In the nineteenth century an essay was written on “Popular Admiration for Great Thieves,” in which it is noted that in the previous century Englishmen were no less “vain in boasting of the success of their highwaymen than of the bravery of their troops.” Hence the widespread popularity of The Newgate Calendar, the general title given to a succession of books which began to emerge at the end of the eighteenth century; the first was The Malefactor’s Register or New Newgate and Tyburn Calendar, and its popularity was such that it can be compared to Foxe’s Book of Martyrs in the mid-sixteenth century or perhaps the ubiquitous legends about saints of the medieval period. It might even be compared to the vogue for fairy tales emerging in the early nineteenth century. The ambiguity of the genre is further compounded by the school of the “Newgate novel” which emerged in the same period, with such celebrated practitioners as Harrison Ainsworth and Bulwer Lytton. It is perhaps significant that in Newgate itself the inmates were addicted to “light literature … novels, flash songs, plays, books.” Everyone was copying everyone else.

The content of these various publications was equally ambiguous, hovering somewhere between celebration and condemnation. In similar fashion skill and cunning, disguise and stratagem, were commonly admired as the dramatic expedients of street life. There was the infamous “Little Casey,” a nine-year-old pickpocket whose skills made him the wonder of late 1740s London. There was Mary Young, known as Jenny Diver, who practised in the same streets some forty years before; she would dress up as a pregnant woman and, hiding a pair of artificial arms and hands beneath her dress, opened pockets and purses with ease. She, in turn, was celebrated by the London populace for her “skills of timing, disguise, wit and dissimulation.”

At a later date there emerged Charles Price or “Old Patch”; he committed sophisticated forgeries, and passed off his bank-notes in a variety of elaborate disguises. He was a “compact middle-aged man” but typically would dress as an infirm and aged Londoner, wearing “a long black camlet cloak, with a broad cape fastened up close to his chin.” He had a large “broad-brimmed slouch hat, often green spectacles or a green shade.” He dressed up, in other words, as the “old man” of stage comedy.

In the late nineteenth century Charles Peace was also celebrated as a master of disguise and manipulation; the son of a file-maker, he conducted an ordinary life as a suburban householder variously in Lambeth and in Peck-ham. Yet “by shooting forward his lower jaw he could entirely alter his appearance.
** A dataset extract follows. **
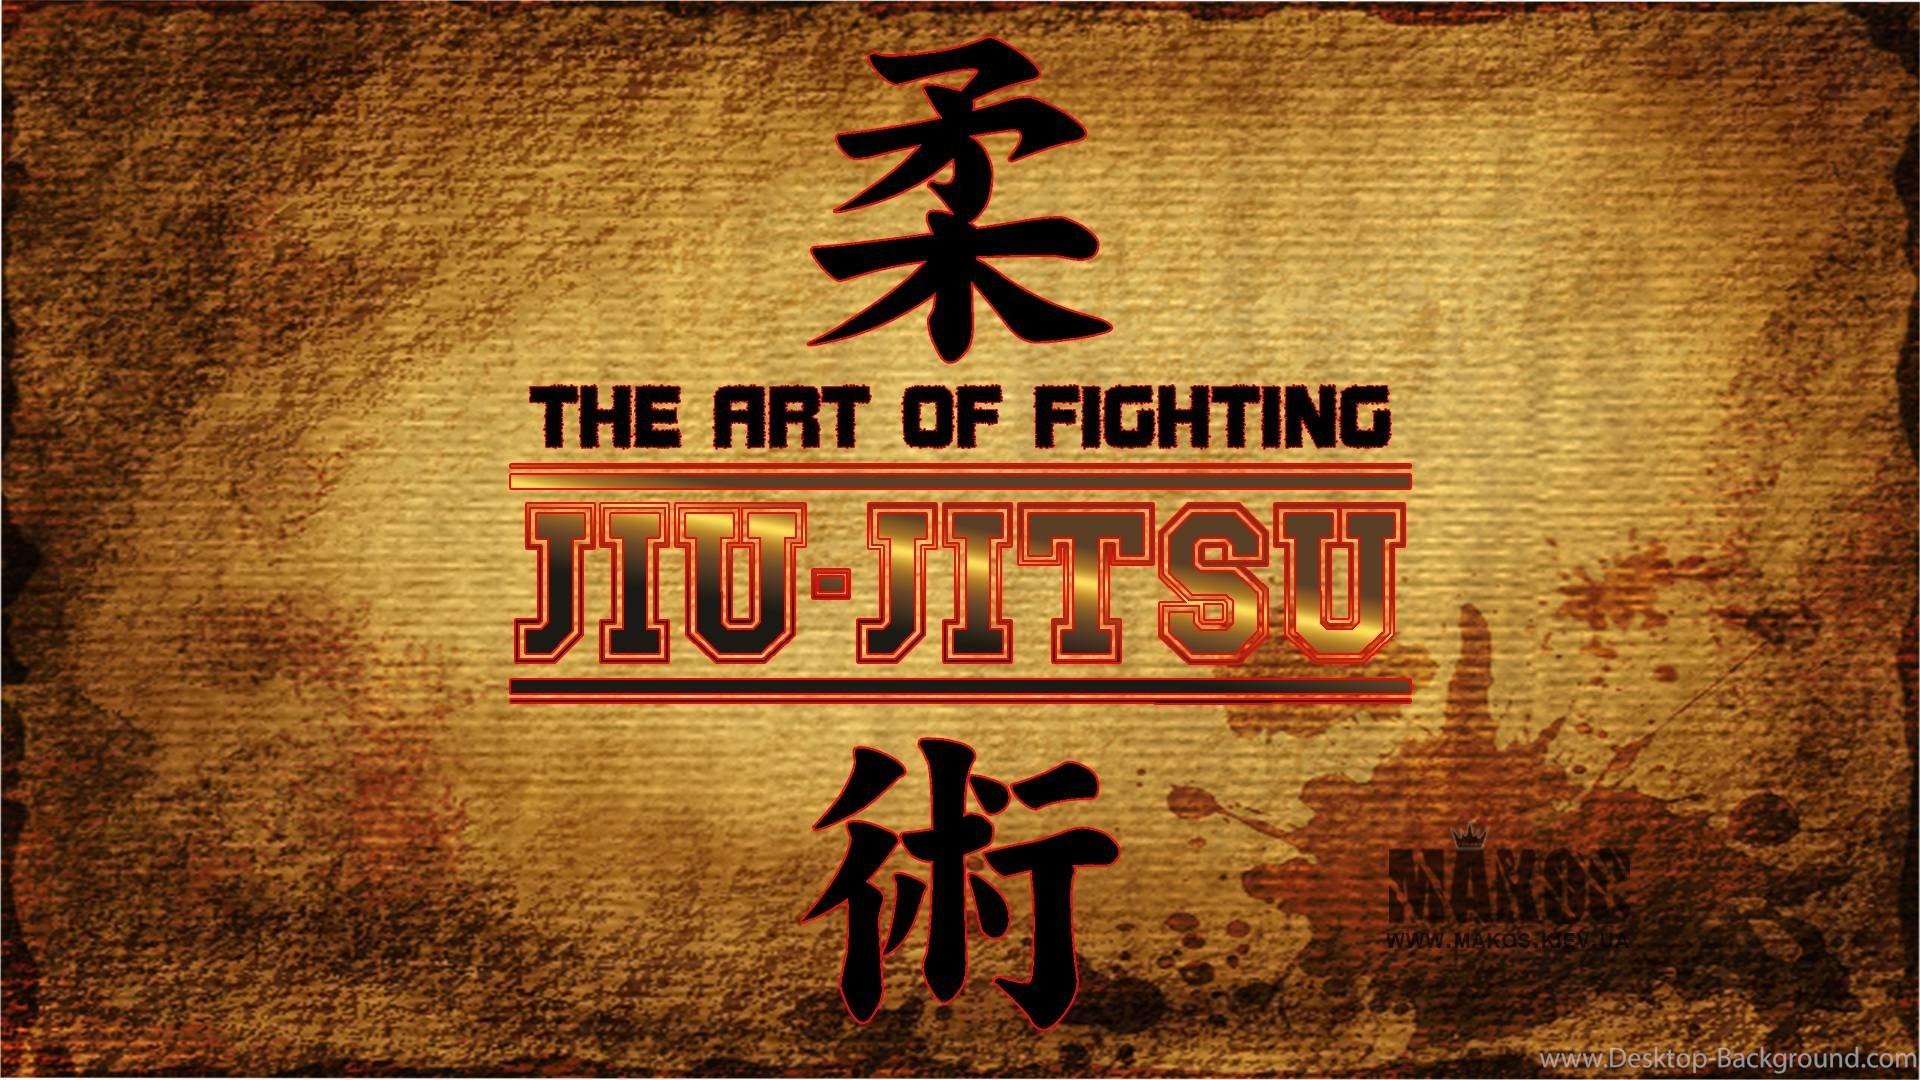 Group of Jiu Jitsu Wallpaper HD

He had been a one-armed man, the live limb being concealed beneath his clothes … The police declared that he could so change himself, even without material disguises, that he was unrecognisable.” He even designed a folding ladder eight feet long which folded down to a sixth of that length, fifteen inches, and could be concealed under the arm. He had once been a street musician and had a great love for fiddles; he even contrived to steal them, although on occasions they furnished an awkward addition to his “swag.” After his death on the scaffold, his collection of instruments was put up for auction. Yet in a city of character and spectacle, it was his ability to disguise himself which exerted the most fascination. In the “Black Museum” of Scotland Yard there used to be exhibited the pair of blue goggles “he was accustomed to wear in his favourite character of eccentric old philosopher.”
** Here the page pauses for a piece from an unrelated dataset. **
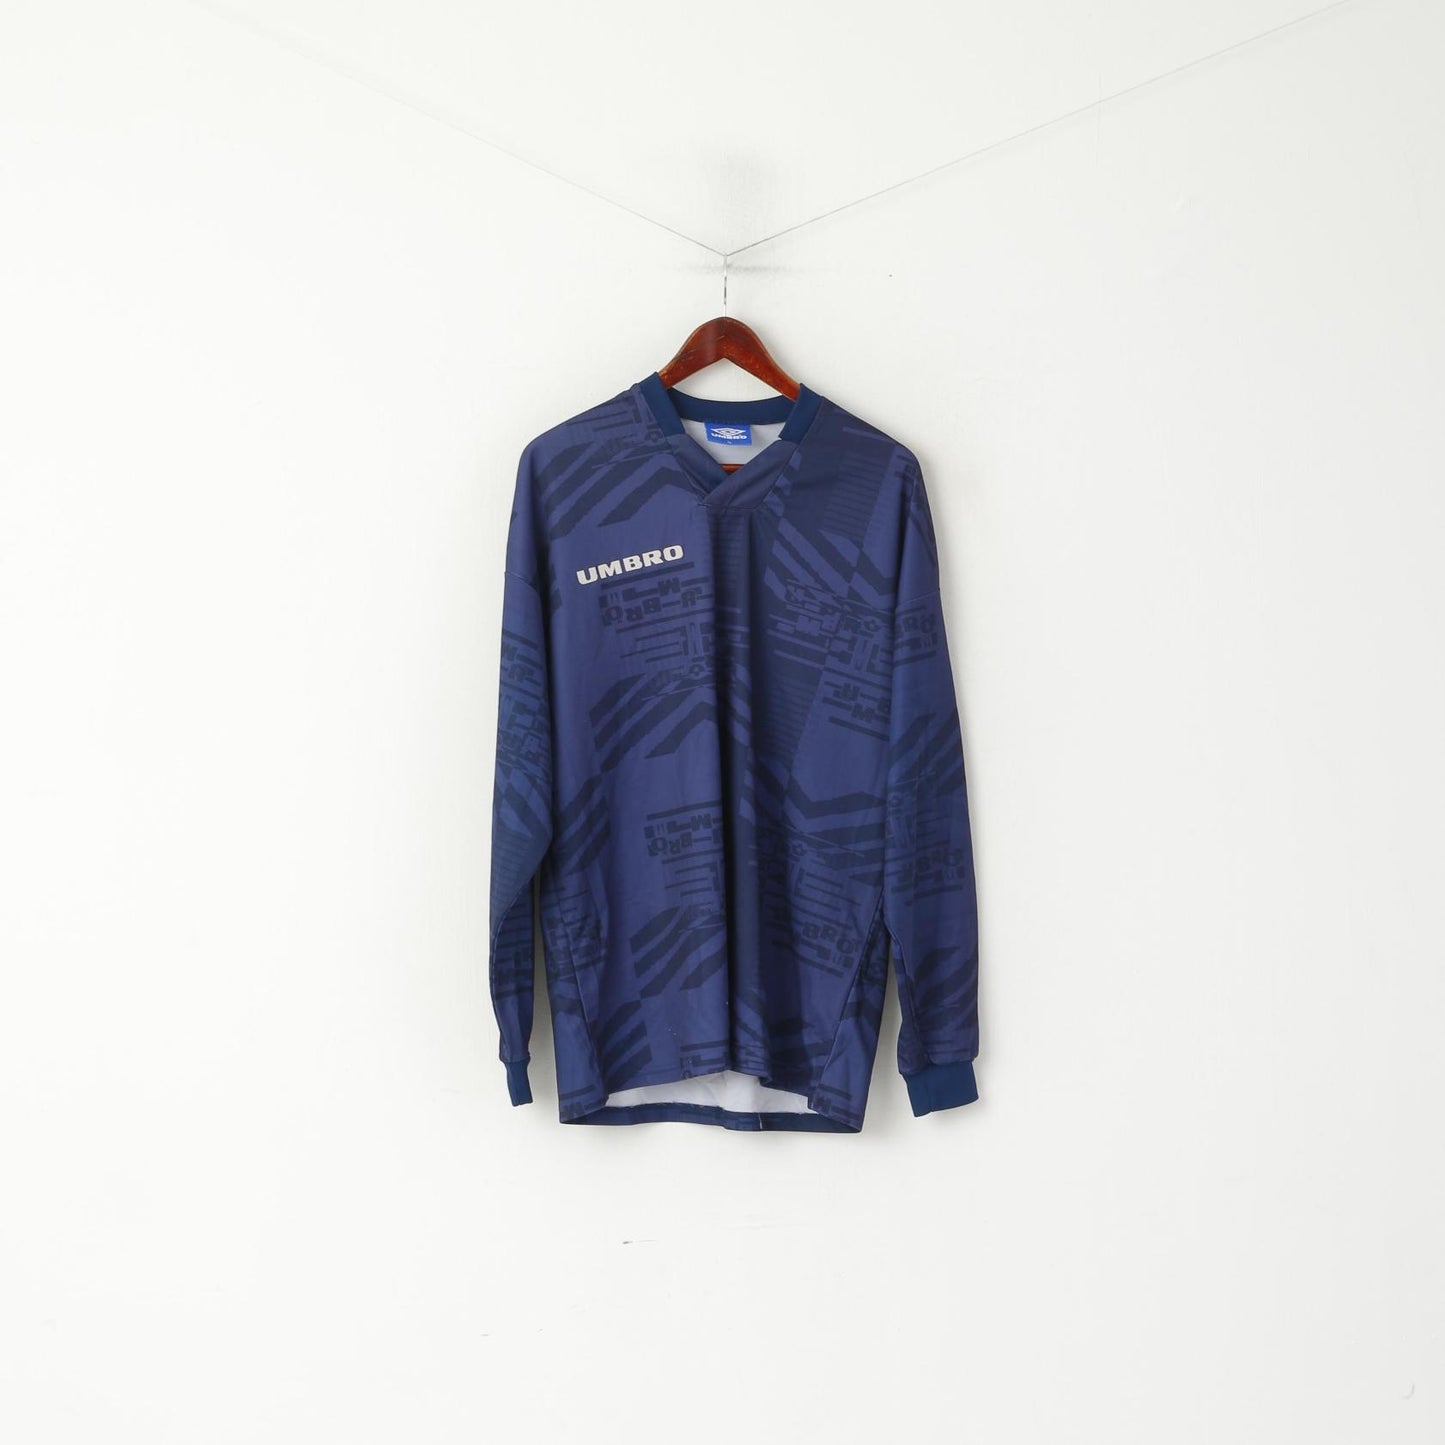 Maglia Umbro da uomo XL a maniche lunghe, maglia da calcio vintage blu scuro, top stampato

He was also a callous criminal, who murdered anyone who got in his way, and so the celebration of disguise is tempered by disgust at the nature of his crimes. This indeed was a feature of The Newgate Calendar itself, as in “A Narrative of the horrid Cruelties of Elizabeth Brownrigg on her Apprentices.” She was a midwife chosen by the overseers of the poor of St. Dunstan’s parish “to take care of the poor women who were taken in labour in the workhouse.” She had several penniless girls working as her servants, at her house in Fleur-de-lis Court off Fleet Street, and she systematically tortured, abused and killed them. As she was led to her death, in the autumn of 1767, the London mob shouted out that “she would go to hell” and that “the devil would fetch her.” Her body was anatomised, and her skeleton displayed in a niche of Surgeon’s Hall.

After such events came the trade in “Last Dying Confessions.” Some were genuinely composed by the felons themselves-who often took great delight in reading their “Last Speeches” in their cells-but customarily it was the “Ordinary” or religious minister of Newgate who wrote what were essentially morbid and moralistic texts. The city then became a stage upon which were presented spectacles for the delight and terror of the urban audience.